Joseph and new Miami offensive coordinator Clyde Christensen spoke publicly for the first time since being hired by new head coach Adam Gase. Aside from Joseph’s comments about the Bengals’ meltdown, both assistants were focused on the future and trying to end the Dolphins’ seven-year playoff drought.
They’ll be working for the youngest head coach in the NFL. Gase is 37.
“He was one of the main reasons I took this job,” said Christensen, who turned 60 Thursday. “It was interesting to me because of his youth and how sharp he is. He’s young and energetic, and it gives me a chance to come in in a support position and help in any way that I can.”
Christensen had been with the Colts since 2002, was their offensive coordinator in 2009-2011 and worked closely with Peyton Manning and Andrew Luck.
In Miami his quarterback will be Ryan Tannehill, who is 29-35 in four years as a starter and regressed in 2015, when the Dolphins finished 6-10. But Christensen sees plenty of potential.
“I’ve really enjoyed watching him,” Christensen said. “He has been extremely productive, and he has played some awfully long stretches of good football. He seems like a guy that has all of the things that you’re looking for, a guy who wants to be good.”
Christensen is happy that Gase, who was offensive coordinator for the Broncos and Bears, plans to call plays.
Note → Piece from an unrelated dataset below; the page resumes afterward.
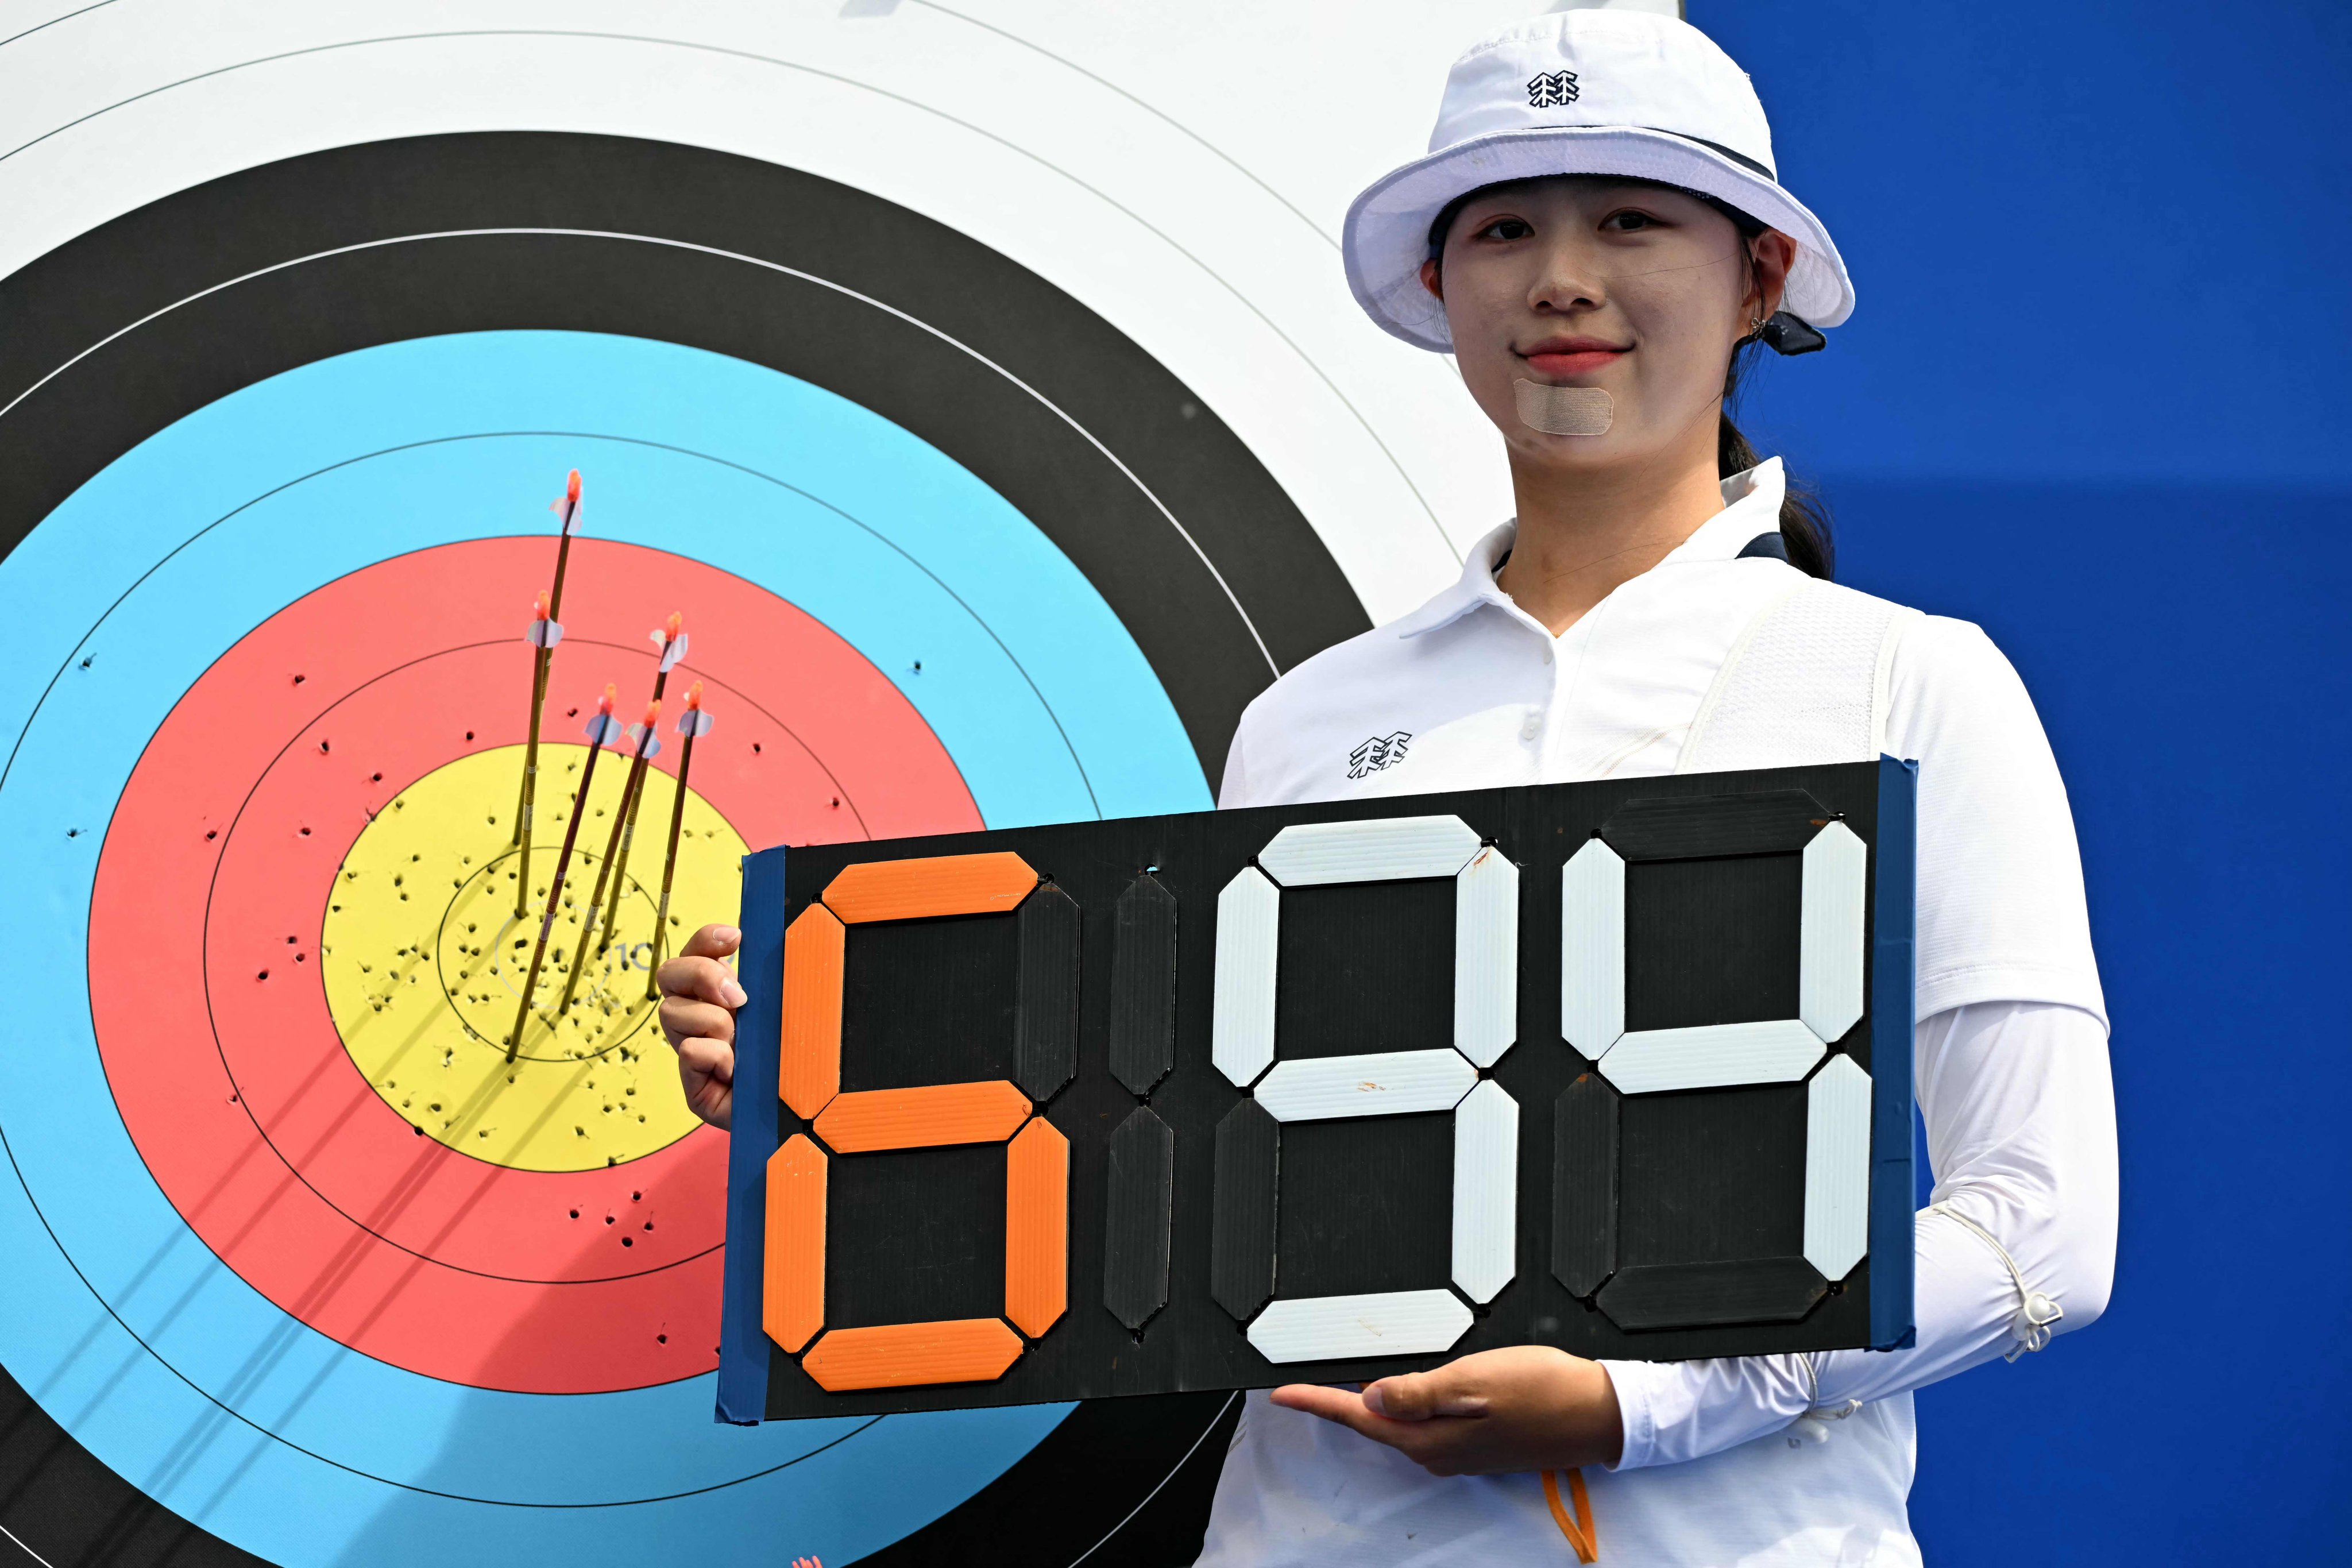 South Korea’s Lim Si-hyeon poses after the women’s individual preliminary round at the Esplanade des Invalides. Photo: AFP
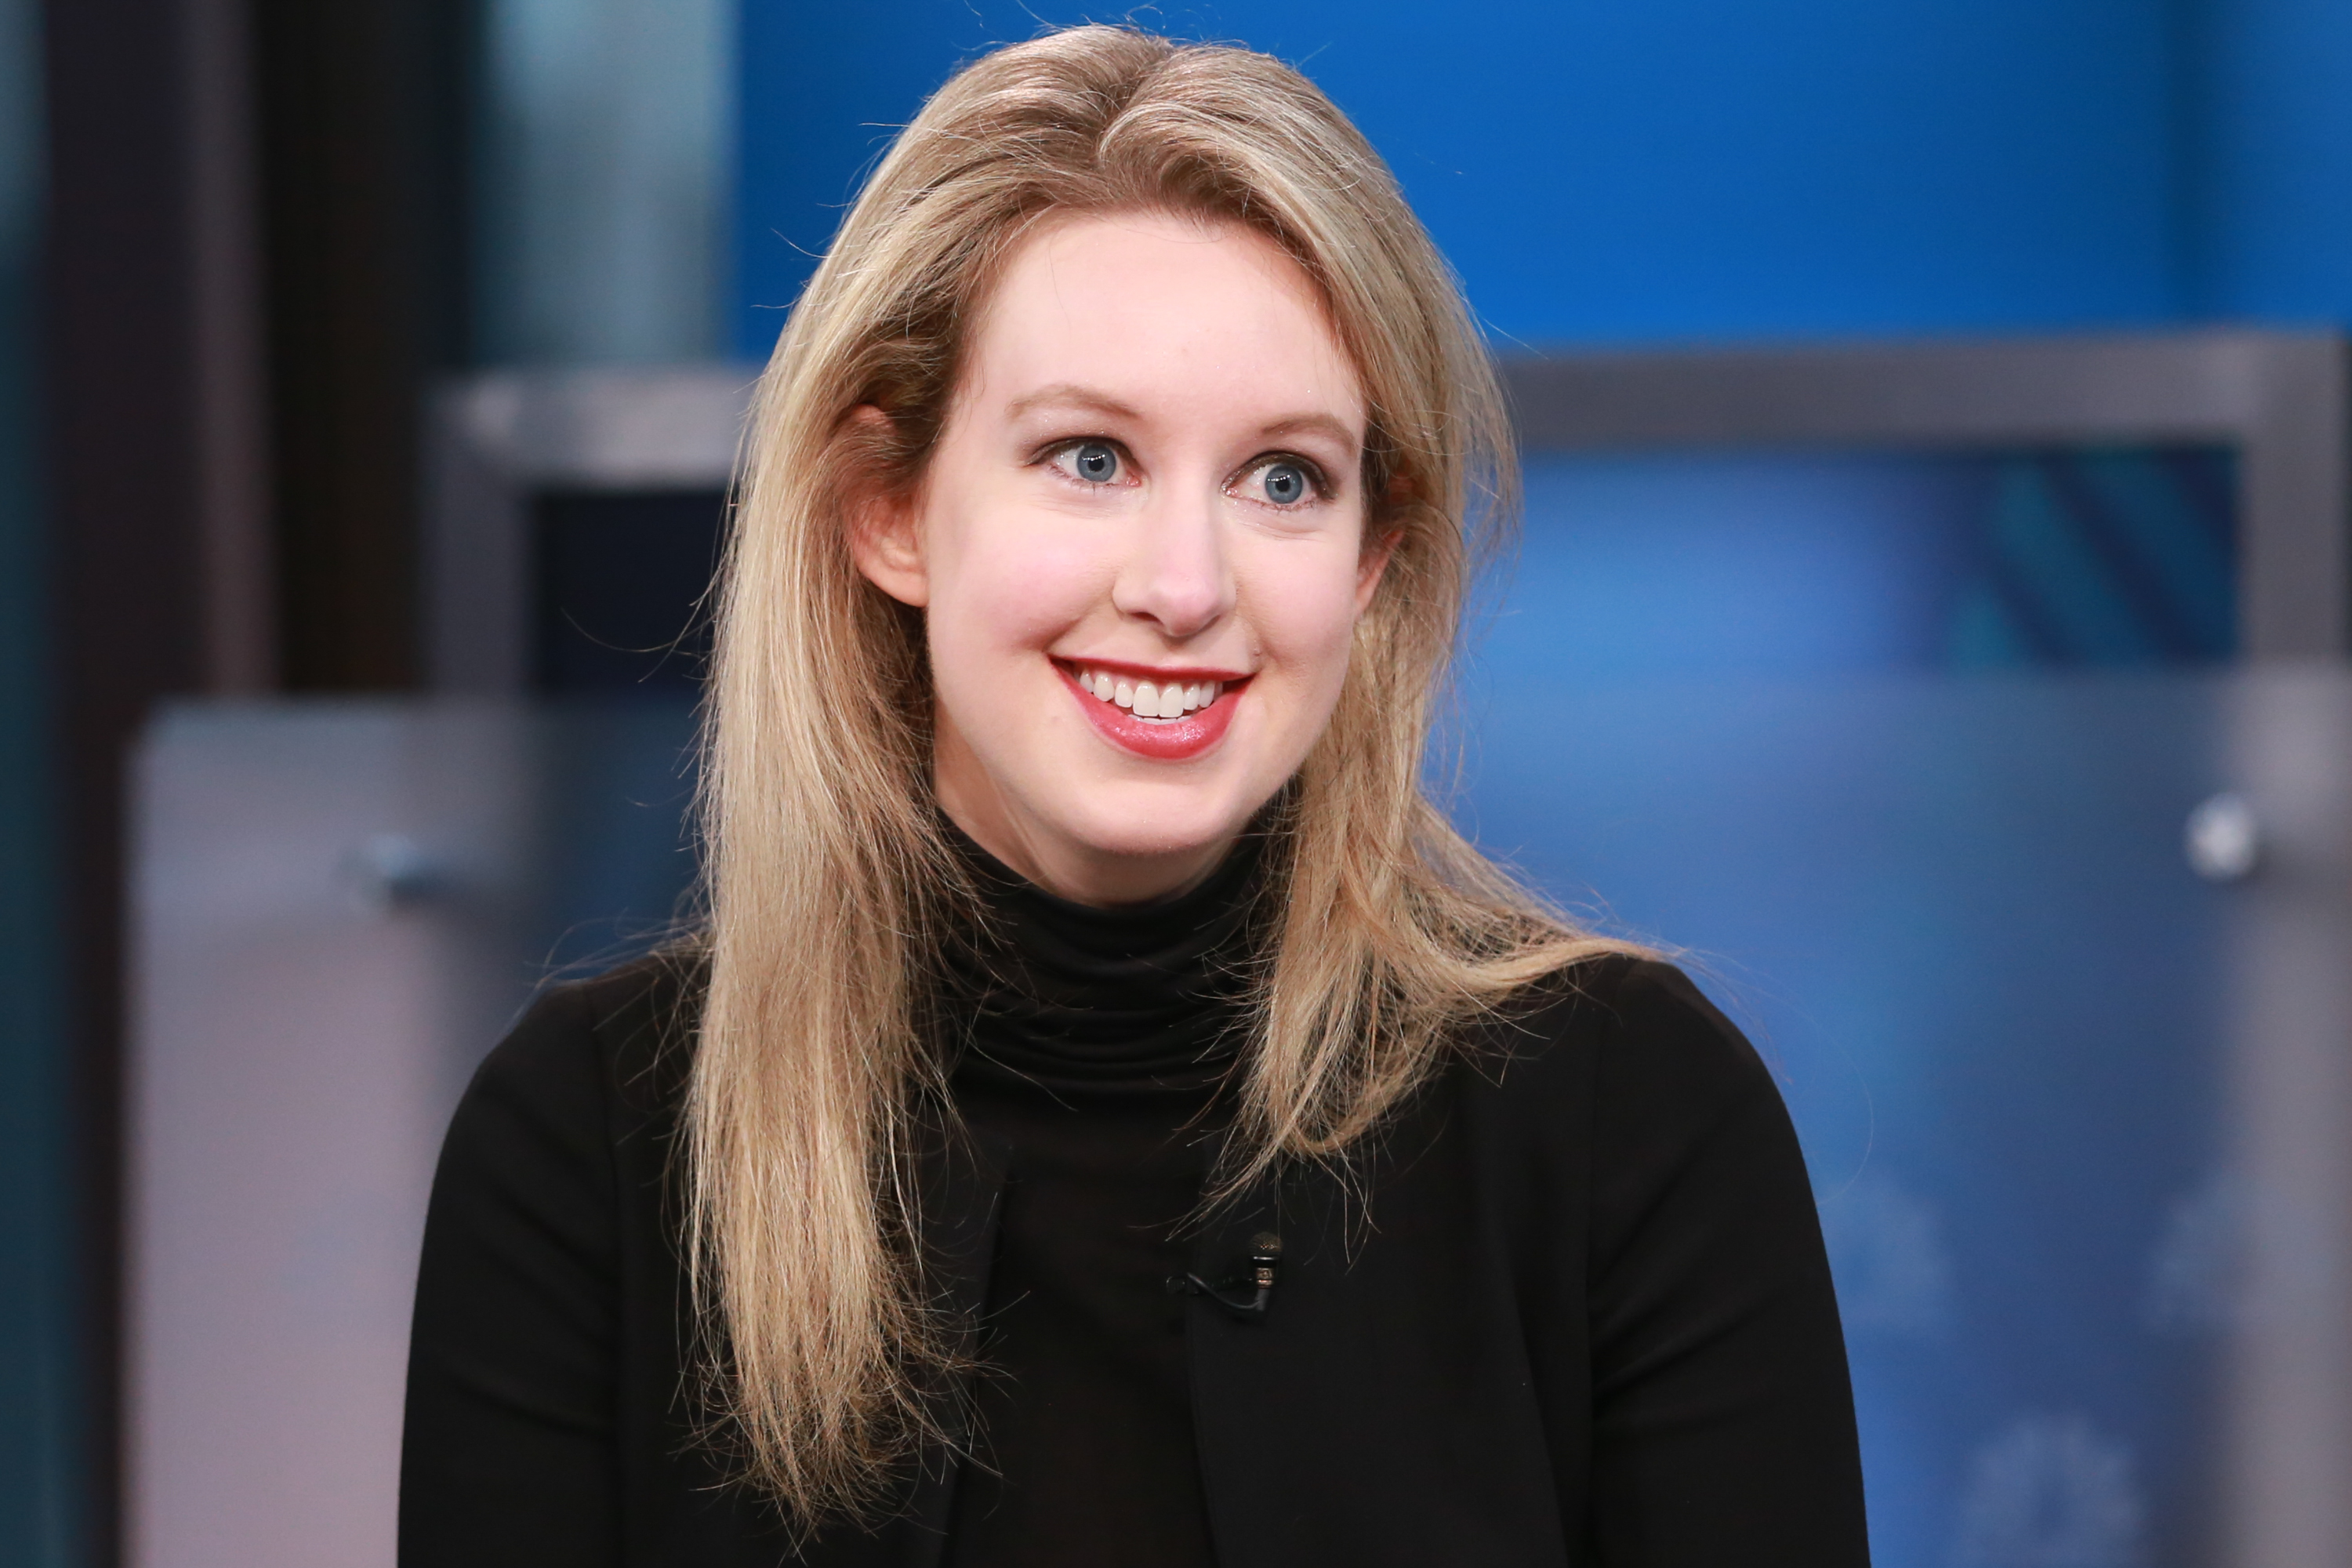 Theranos CEO Elizabeth Holmes in an interview on Sept. 29, 2015. (CNBC—NBC via Getty Images)

“I think it’s how he got the head coaching job,” Christensen said. “A lot of those guys rise to the top because they have a knack for it. I think some of the head coaches make a mistake not doing it. The reason they go up the ladder is because they have a knack for doing it, and then all of a sudden they become an administrator. So I’m for it.”
Joseph, a first-time coordinator, said the Dolphins with stick with their 4-3 scheme. But he’s planning ways to free up defensive tackle Ndamukong Suh, who was often neutralized in his first season with Miami.
“He’s obviously a dominant player,” Joseph said. “He is requiring two or three blockers every play. We can help him to get more single blocks.”
Joseph and Christensen are newcomers on a staff that will include nine holdovers from the regime of Joe Philbin, who was fired four games into last season. Holdovers include Lou Anarumo, who returns to his former job as defensive backs coach after ending last year as the interim defensive coordinator.
“He’s a good football coach,” Joseph said. “I didn’t want to come in and just assume that everyone here was a bad coach. I’m excited to have Lou. The players really enjoyed playing for Lou, and that’s important to me. It was more about what’s best for our players and best for our team.”